◆ Material provided ◆
::::::

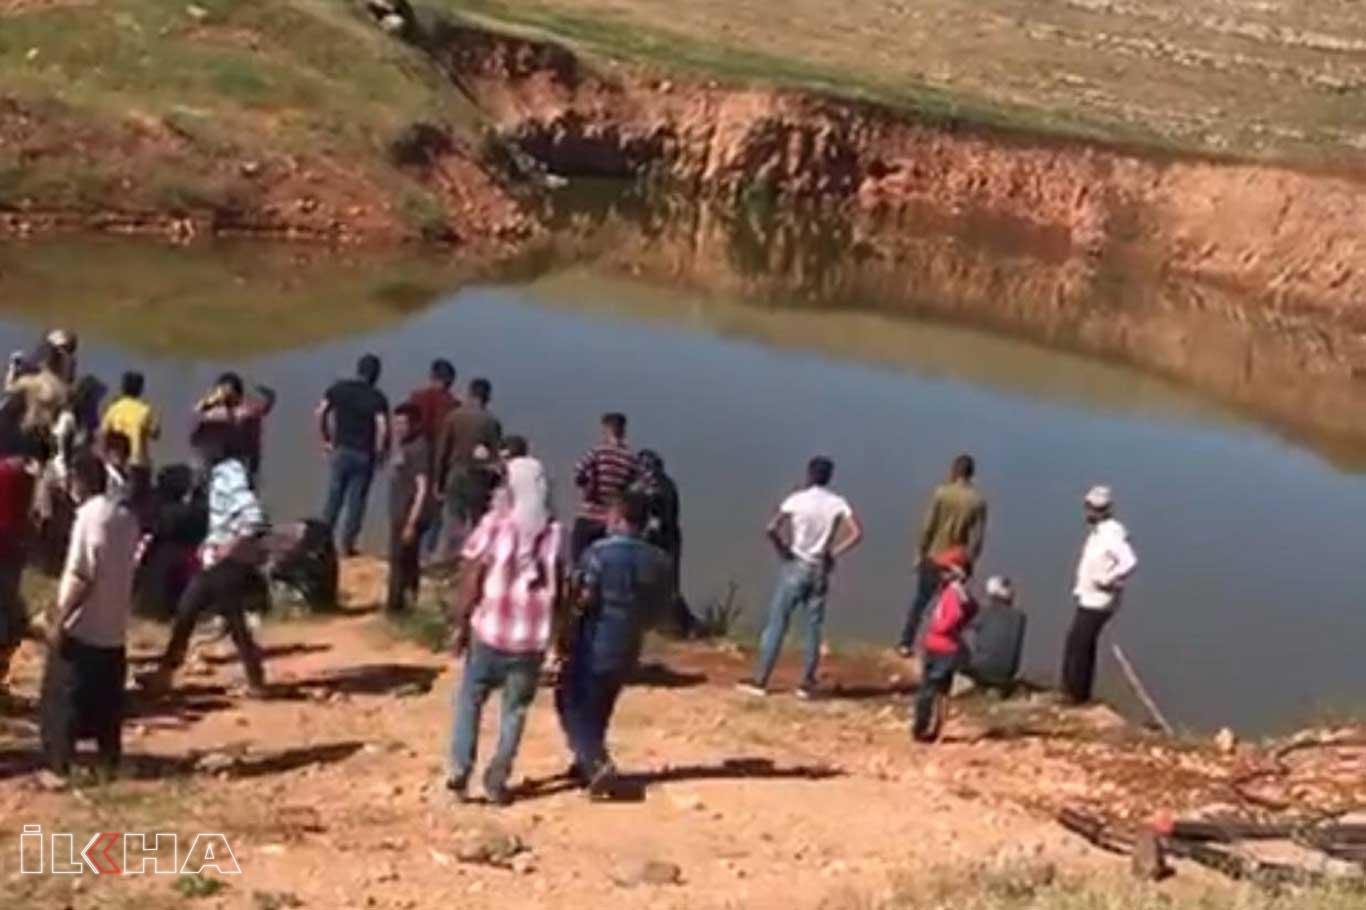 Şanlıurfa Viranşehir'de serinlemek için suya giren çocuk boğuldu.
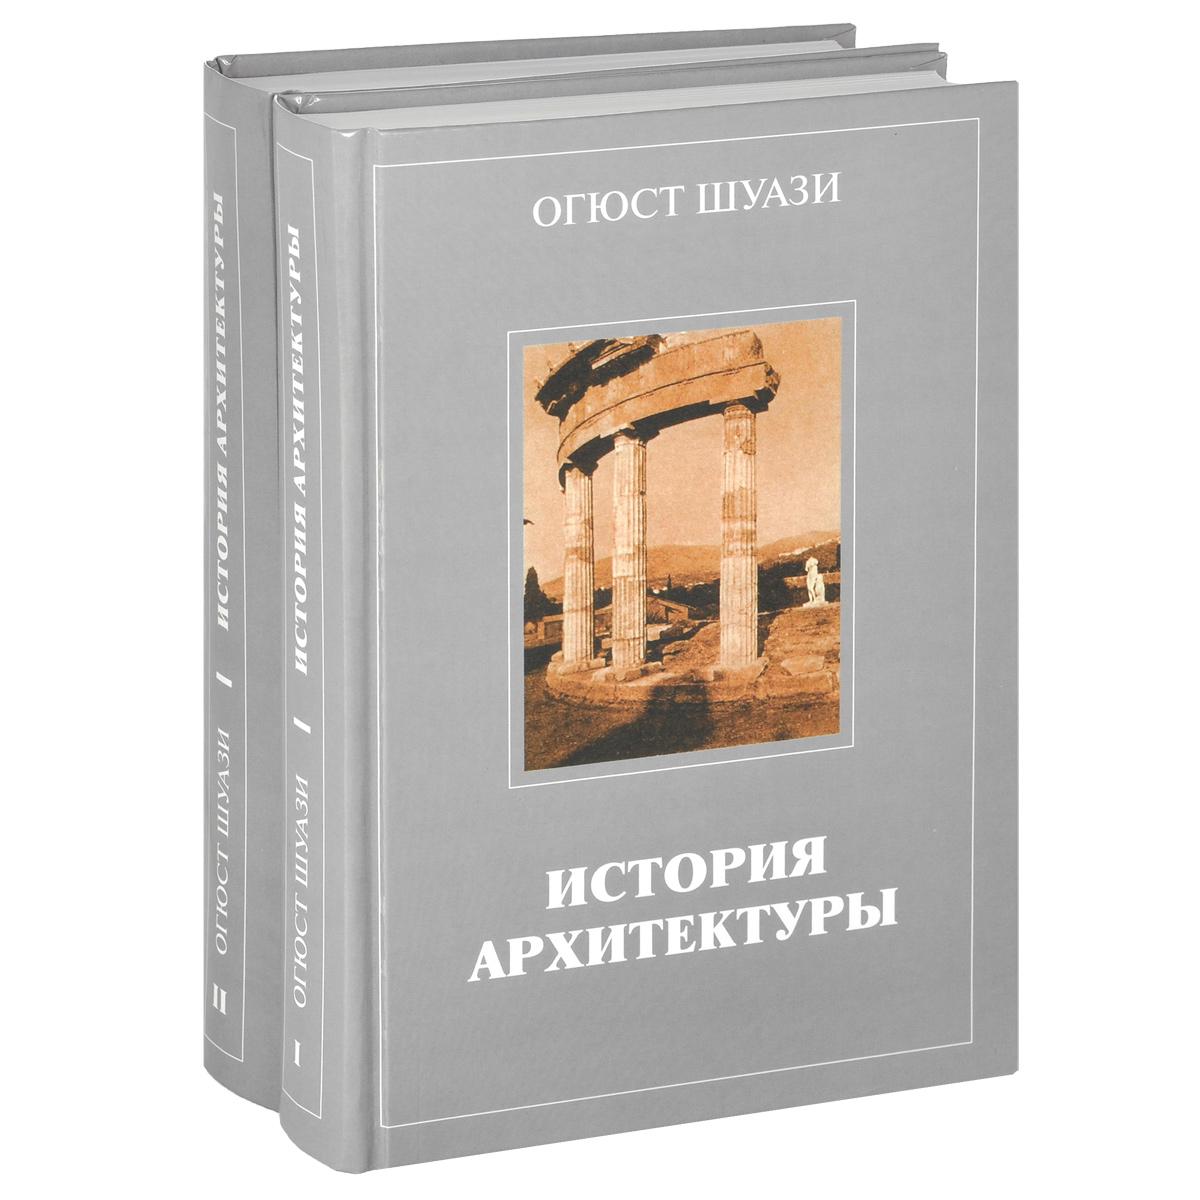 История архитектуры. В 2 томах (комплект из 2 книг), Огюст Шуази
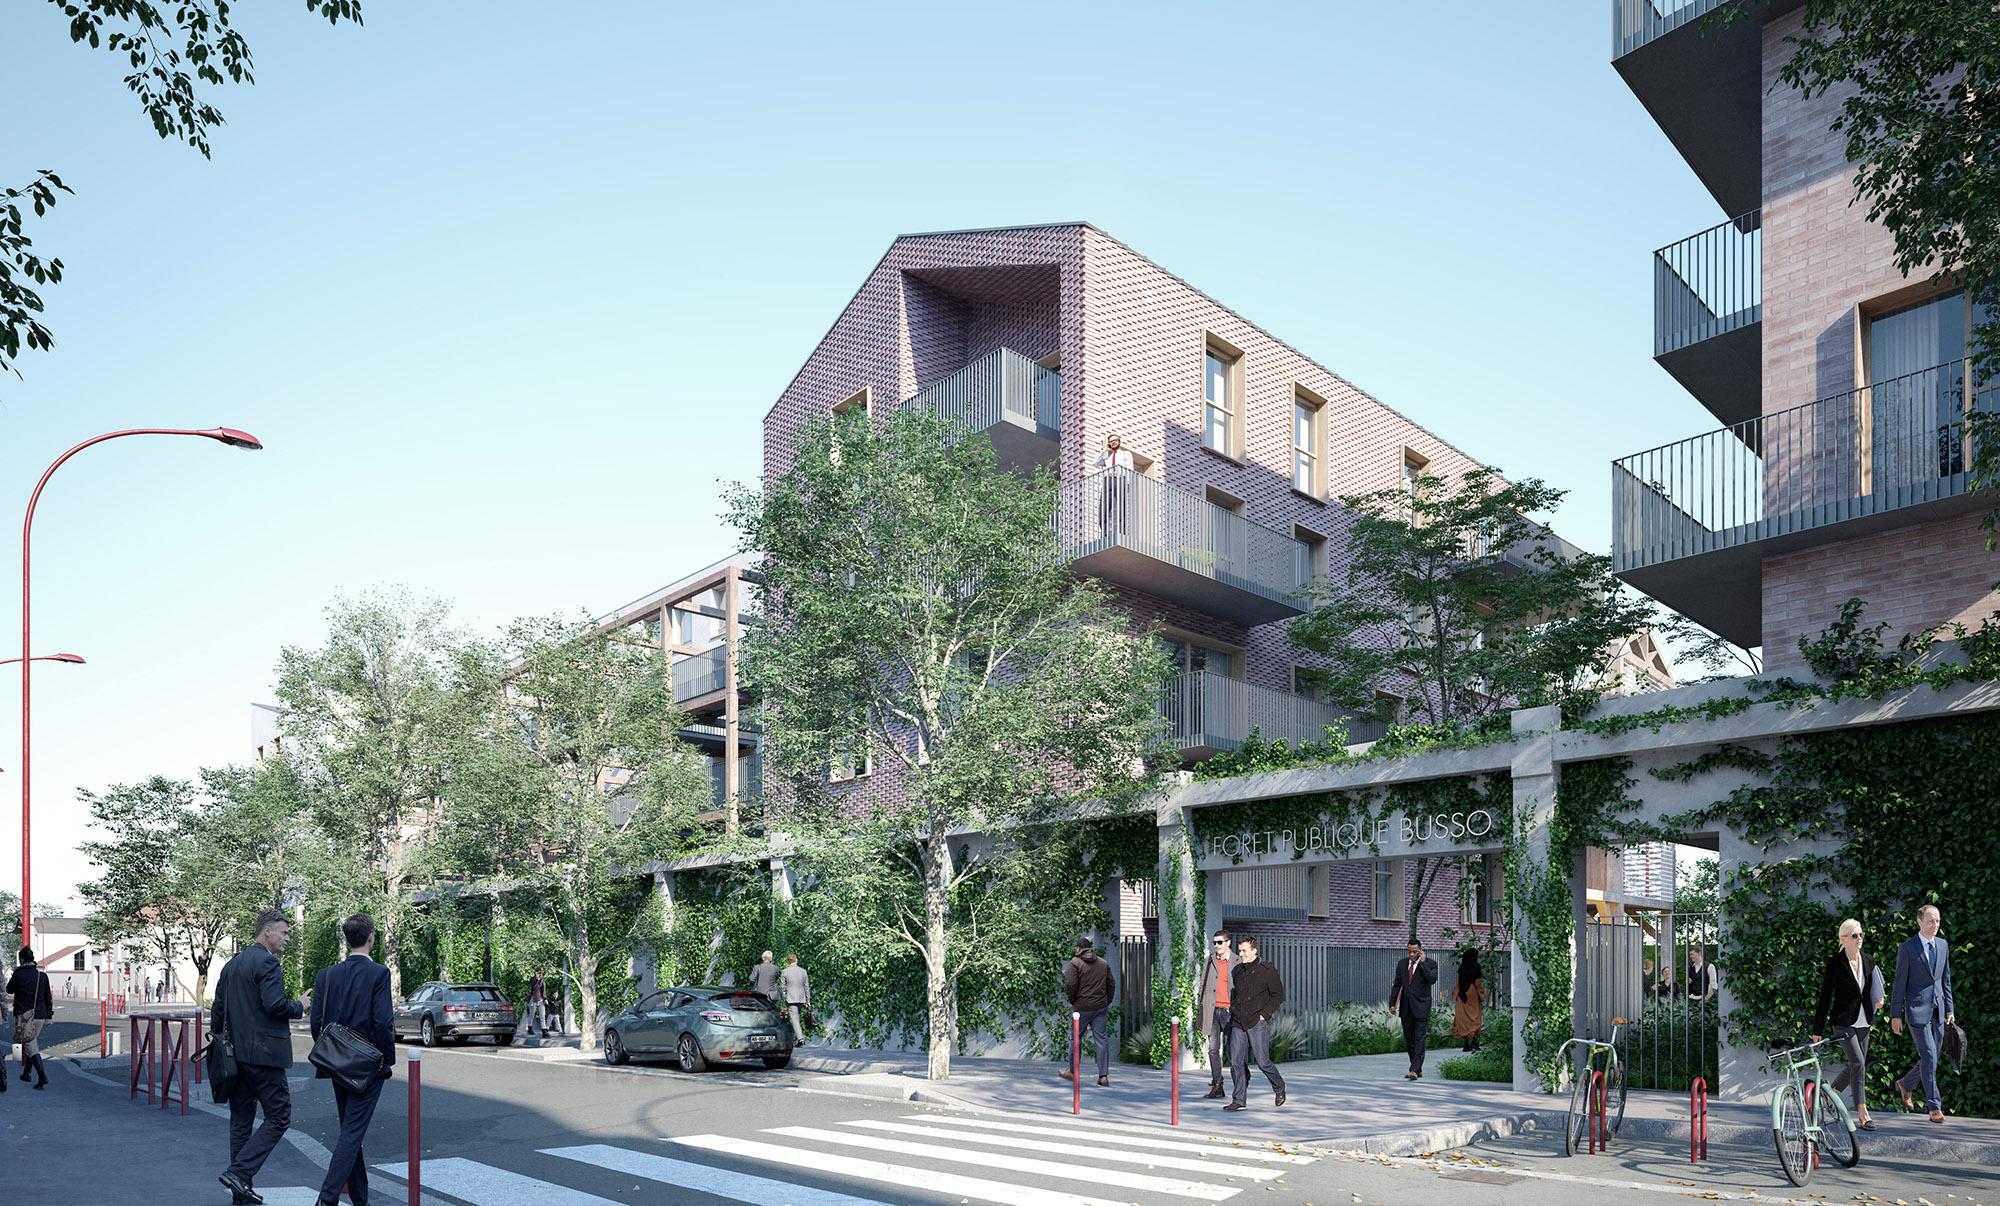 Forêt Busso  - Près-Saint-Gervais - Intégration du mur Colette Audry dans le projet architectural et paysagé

::::::

◆ Exercise instructions ◆
Everything in the material except the pictures should be restated word for word.

◆ Task output ◆
 Şanlıurfa Viranşehir'de serinlemek için suya giren çocuk boğuldu.
 История архитектуры. В 2 томах (комплект из 2 книг), Огюст Шуази
 Forêt Busso  - Près-Saint-Gervais - Intégration du mur Colette Audry dans le projet architectural et paysagé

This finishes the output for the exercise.